Uma notícia estampada nas manchetes dos jornais chocou o País numa manhã de domingo de 1996. No auge do sucesso, a banda Mamonas Assassinas desaparecia num trágico acidente aéreo quando voltava de um show em Brasília (DF).

O jatinho que transportava os integrantes do grupo de canções e performances irreverentes, chocou-se no fim da noite do dia 2 de março com a Serra da Cantareira, a poucos minutos do pouso em Guarulhos, cidade natal dos músicos.

Com apenas um álbum lançado, cujo título levava o nome da banda, os meninos humildes venderam mais de 2 milhões de cópias em semanas e se transformaram nos artistas preferidos do público adulto e infantil.

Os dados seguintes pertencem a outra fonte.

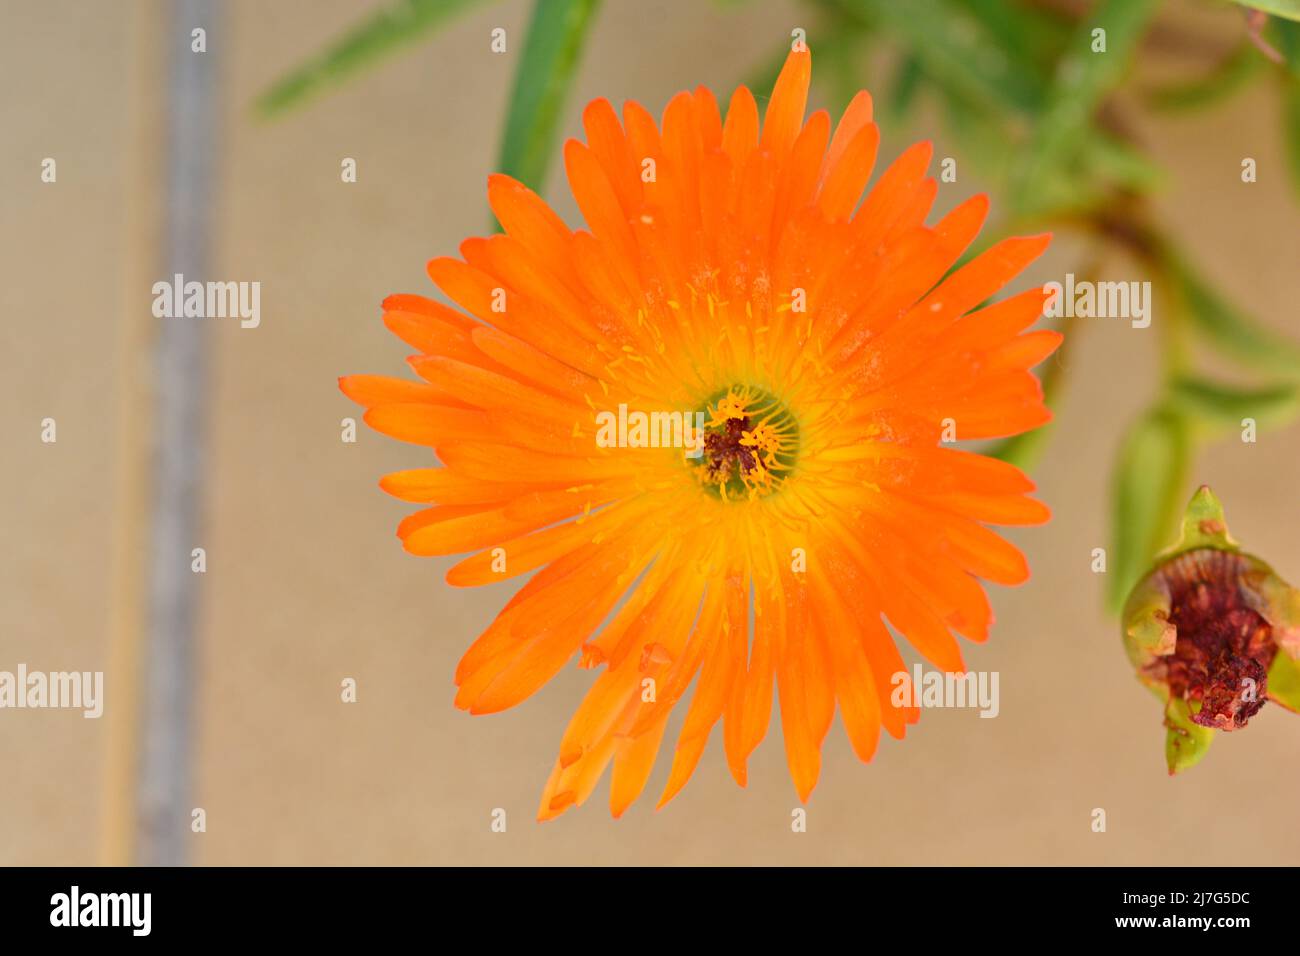 Detalle de una flor de lampranto naranja, Lampranthus aurantiacus, en un jardín en primavera Stock Photo
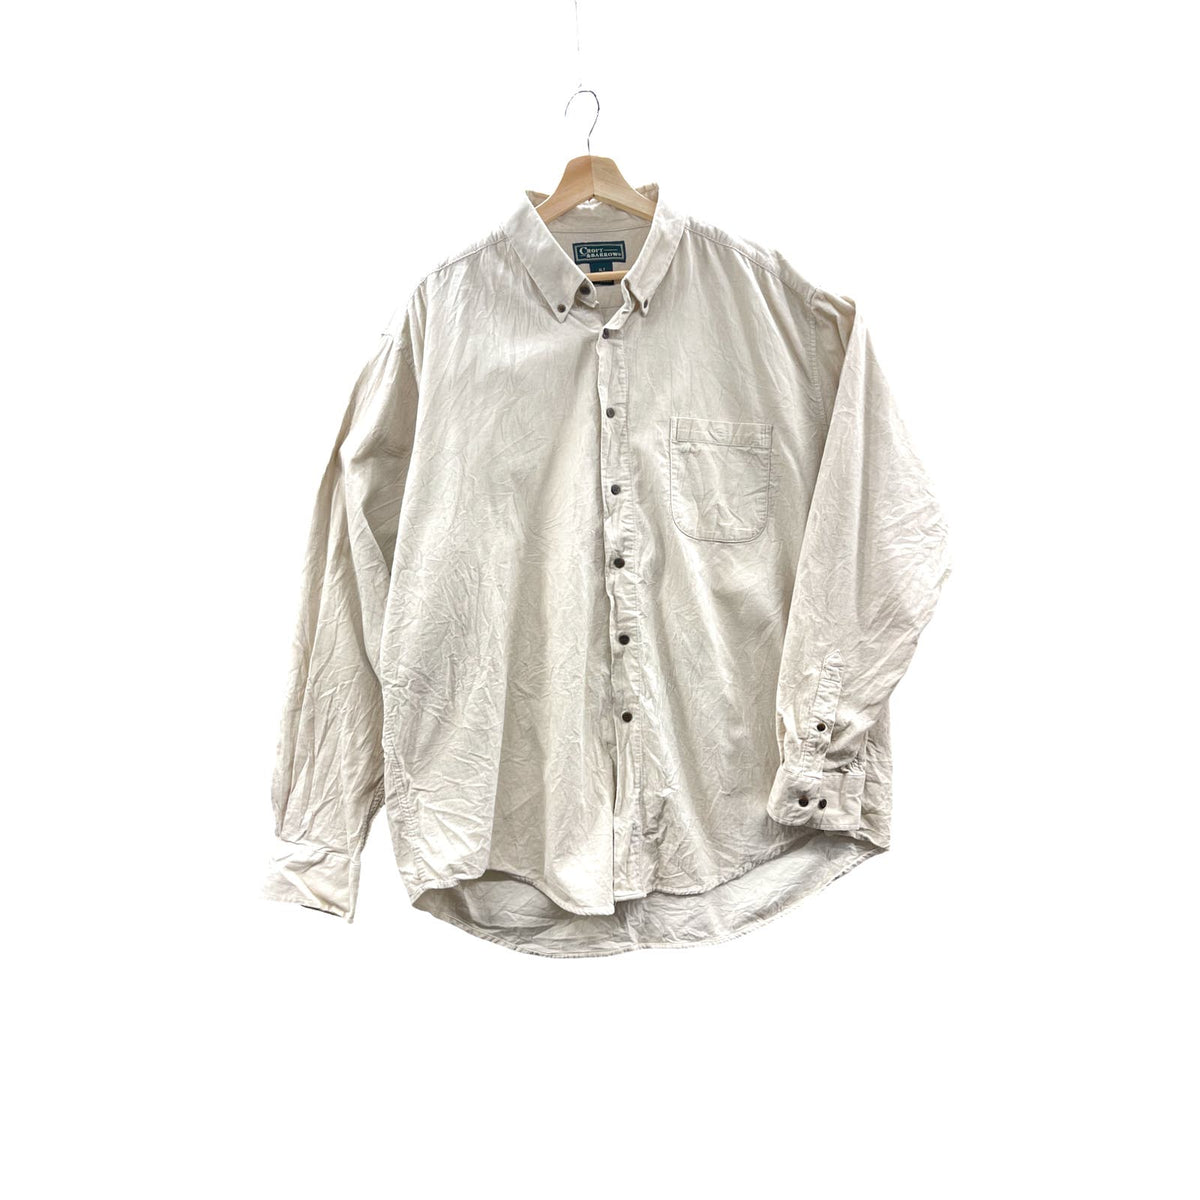 Vintage 1990's Croft & Barrow Light Beige Corduroy Button Down L/S Shirt

Mamonas 02Júlio cortando o cabelo no salão de Lima, em Guarulhos/SP

Influenciados pelo rock´n´roll, o Mamonas Assassinas nasceu em 1990 das cinzas do grupo Utopia. Alcançou o sucesso após a parceria com o produtor paulistano Rick Bonadio, que lapidou o som do grupo, trazendo diversas influências musicais/regionais, fora a consolidação de um humor ácido e direto, cheio de críticas sociais sutis. Assim nascia um dos maiores fenômenos comerciais do mercado fonográfico brasileiro.

Em cerca de 9 meses de carreira, o grupo fez 182 shows e participou de muitos programas de televisão. O quinteto já se preparava para a sua primeira turnê internacional. O próximo pouso seria em Portugal. Seria.

E uma das mais curiosas e famosas lendas envolvendo a morte dos Mamonas Assassinas vai ao encontro da premonição do tecladista e vocalista Júlio Rasec (Júlio Cesar Barbosa) que, poucas horas antes confessava, em vídeo, um sonho envolvendo o acidente. “Não sei. Esta noite sonhei com um negócio assim. Parece que o avião caia. Não sei”, disse o jovem, à época, com 28 anos.

O responsável por registrar o material foi seu cabeleireiro de confiança, Nelson Lima, 56, que atende hoje em um salão montado no bairro do Vale do Sol, em Araraquara. Lá, ele nos recebeu e contou com detalhes essa história, que ganhou o Brasil.

Mamonas 03O único CD lançado pelo grupo

“O Júlio era meu cliente desde os 12 anos de idade. Depois que ficou famoso, continuava a vir, só que quinzenalmente, mais ou menos. Tudo virava uma bagunça, porque muita gente vinha pedir autógrafo e conversar com ele, sempre muito atencioso com todo mundo”, conta Lima.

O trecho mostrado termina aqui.